Auctioning leases on our common assets: far better than giving away the asset or auctioning it once and for all
The FAA is moving ahead with plans to auction off a 10-year lease on a takeoff and landing slot at Newark Airport. The Bloomberg article quotes DOT Sec'y Mary Peters' general counsel as saying that the 10-year lease could fetch hundreds of thousands of dollars. At $100,000, and 3652 days, that means that an airline would be paying ... are you ready for this? ... $27.38 per day for that pair of arrival and departure. At a final bid of $500,000, the winning airline would be signalling that it would be worth $137 per day to them, to have a plane arrive and depart from Newark Airport!
Do you think there are any airlines who would be unprepared to outbid such a bid in order to take part in the NYC market?

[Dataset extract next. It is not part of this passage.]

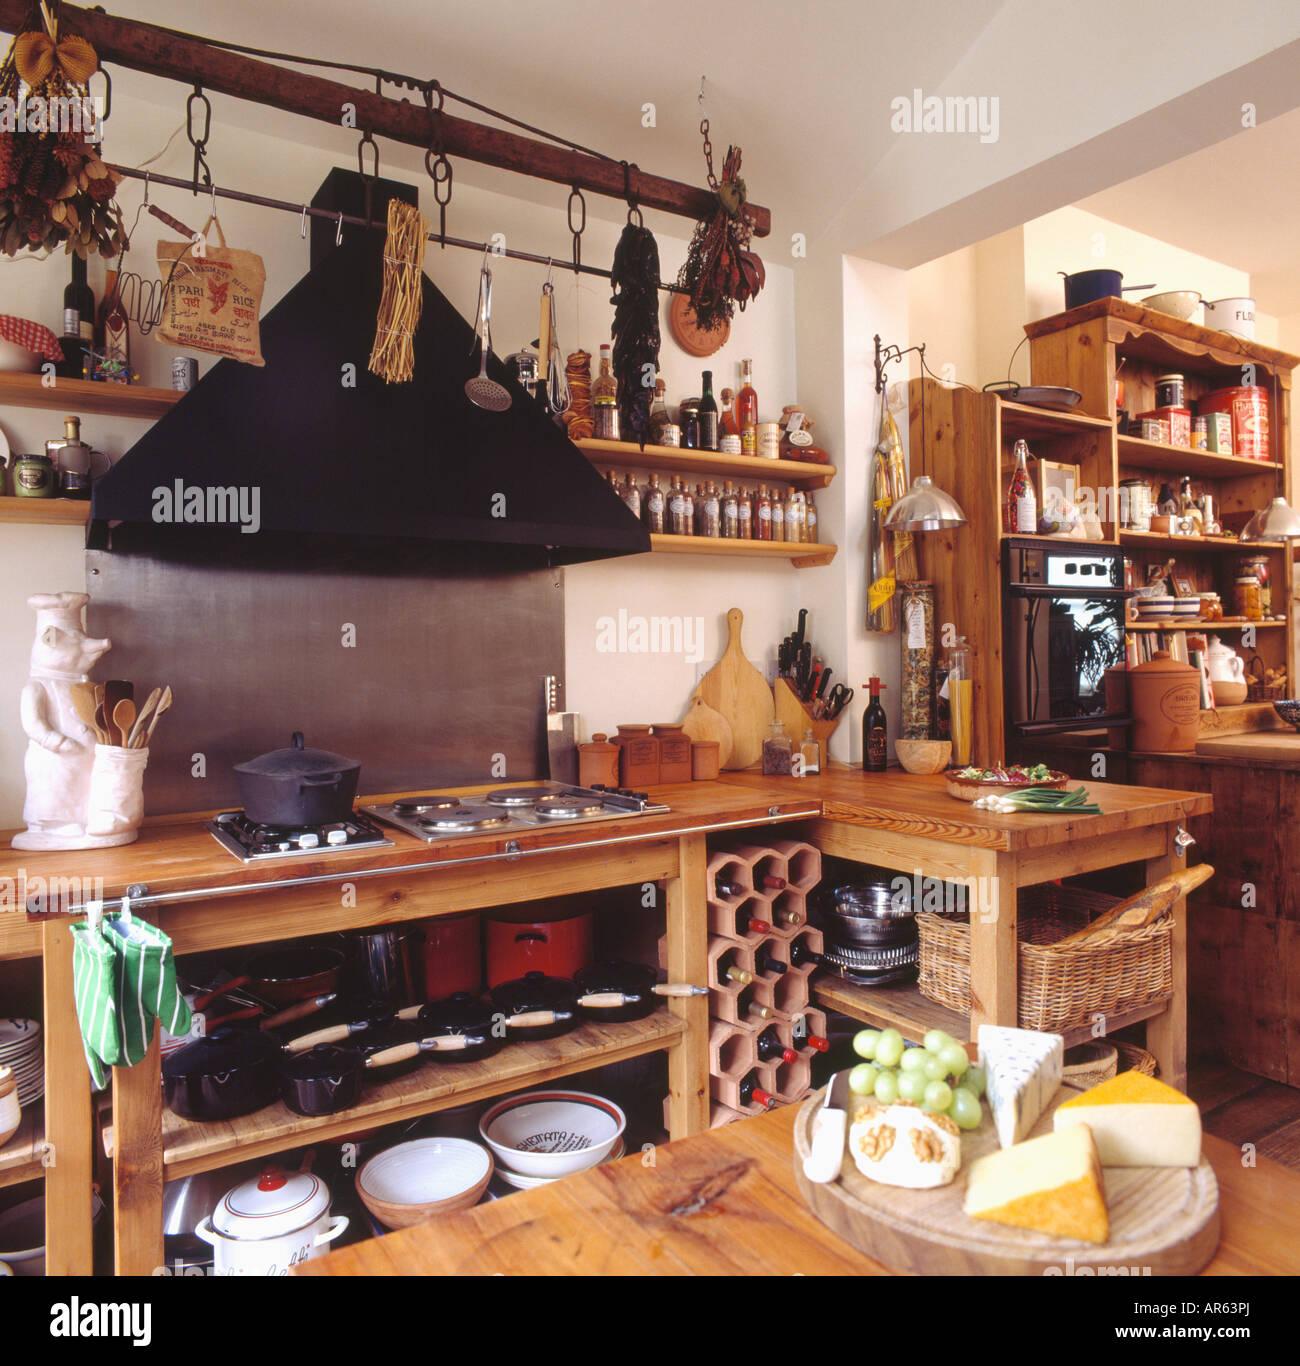 Plate Shelving In Stockfotos & Plate Shelving In Bilder - Alamy

Further, the article indicates that the FAA plans to sell as many as 208 New York-area slots before January 20. Assuming they are all 10-year leases, and the average winning bid is $50,000 ($13.69 per day), we're talking about revenue of $1,040,000 per year ($10.4 million over 10 years). If the average winning bid is $200,000, that's revenue of $4.16 million per year ($41.6 million over 10 years).
By definition, there is a market-clearing price. I suspect it is far above $69 per flight ($500,000 for a 10-year slot lease). And I'm very pleased that our DOT Secretary recognizes that this asset belongs to us, not the airlines, and that its value should be collected.
I hope that only a small fraction of the slots will be auctioned off each year; if the economy is healthy, airlines will be willing to pay more next year than they are this year.
Separately, Sec'y Peters is suggesting a switch, at least in the Washington, D.C., area to "direct pricing" for area highways: tolls on all major roadways -- tolls with 'congestion pricing' to discourage use during peak driving periods.' Bravo! Bill Vickrey would be pleased.